Choose the taxonomic level you want to plot (Choose from Phylum, Class, Order, Family, Genus, Species)

In [None]:
taxgroup <- "Order"

Generate the data for plotting. > 1% relative abundance only

In [None]:
# Run amp_boxplot to generate aggregated data for the chosen taxonomic level, but output as a data object rather than plotting
x <- amp_boxplot(ampvisdata, tax_aggregate = taxgroup, tax_empty = "remove", normalise = F)
# Filter out any taxa with > 1% relative abundance
# First calculate mean on aggregated taxa
x2 <- aggregate(x$data$Abundance, list(x$data$Display), mean)
# Select taxa only with abundance > 1%
x3 <- x2[x2$x > 0,]
# Pull out just those taxa in x$data
x4 <- x$data[x$data$Display %in% x3$Group.1, ]
# Remove duplicate rows (means already calculated, duplicates only cause bias)
x5 <- x4[!duplicated(x4), ]

If you want your samples to be in a specific order on the plot (e.g. to cluster them by groups) then you need to re-order the levels, as you did in the previous sections. If you don't want to re-order your samples

Check the current order of your samples:

In [None]:
levels(factor(x5$Sample))

Set the order of the samples how you like (all samples have to be inlcluded) then re-order them by running the below two code cells:

In [None]:
lev <- c("PS.F1", "PS.F4", "PS.F7", "PS.F11", "PS.F12", "PS.F21", "PS.F24", "PS.N6", "PS.N8", "PS.N10", "PS.N11", "PS.N12", "PS.N13", "PS.N19", "PS.N22", "PS.N23", "PS.N24", "PS.F16", "PS.F18", "PS.F5", "PS.F9", "PS.F14", "PS.F15", "PS.F17", "PS.F22")

In [None]:
x5$Sample <- factor(x5$Sample, levels = lev)

Generate stacked bar plot. 

As with previous plots, you can modify colours (`scale_fill_manual()` is using the `c25` vector of colours we defined in section 2. 

You can change the `c25` colours in section 2 or add colours of your choice to the below code, e.g. `scale_fill_manual(values = c("red", "blue", "green"))`)
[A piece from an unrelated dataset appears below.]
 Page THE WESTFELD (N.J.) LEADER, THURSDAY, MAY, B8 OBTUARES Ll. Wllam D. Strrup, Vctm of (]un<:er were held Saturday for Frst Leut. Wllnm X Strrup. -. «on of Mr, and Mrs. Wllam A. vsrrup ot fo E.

You can also change axis labels, text size and angle, [default theme](https://ggplot2.tidyverse.org/reference/ggtheme.html), etc.

Feel free to add additional modifications to this or any other plot in this Notebook. Here is a good guide for doing this: http://r-statistics.co/Complete-Ggplot2-Tutorial-Part2-Customizing-Theme-With-R-Code.html

In [None]:
p <- ggplot(x5, aes(x = Sample, y = Abundance, fill = Display))
p <- p + geom_bar(position="fill", stat="identity") +
  labs(y = "Abundance (%)") +
  theme_classic() +
  scale_y_continuous(label = label_percent()) + 
  scale_fill_manual(values = c25) + 
  theme(text = element_text(size = 18), axis.text.x = element_text(angle = 90, size=12), axis.text.y = element_text(size=14)) + 
  labs(fill = taxgroup)
p

To plot a different taxonomic level, You can change `taxgroup <- "Phylum"` above to another taxonomic level, then re-run the code from that point.

You can save your plot as a 300dpi (i.e. publication quality) tiff or pdf file. **These files can be found in your working directory.**

**Tip:** you can adjust the width and height of the saved images by changing `width =` and `height =` in the code below (and every time ggsave appears in this workflow). Pdf files can be opened within Jupyter, so a good way to test a suitable width/height would be to save the image by running the pdf code below with the default 20cm width/height, then open the pdf file by clicking on it in the file browser panel (to the left of this notebook), then change the width/height and repeat this process as needed.

Export as a 300dpi tiff

In [None]:
tiff_exp <- paste0("community_tax_abund_bar_plot_", taxgroup, ".tiff")
ggsave(file = tiff_exp, dpi = 300, compression = "lzw", device = "tiff", plot = p, width = 20, height = 20, units = "cm")

Export as a pdf

In [None]:
pdf_exp <- paste0("community_tax_abund_bar_plot_", taxgroup, ".pdf")
ggsave(file = pdf_exp, device = "pdf", plot = p, width = 20, height = 20, units = "cm")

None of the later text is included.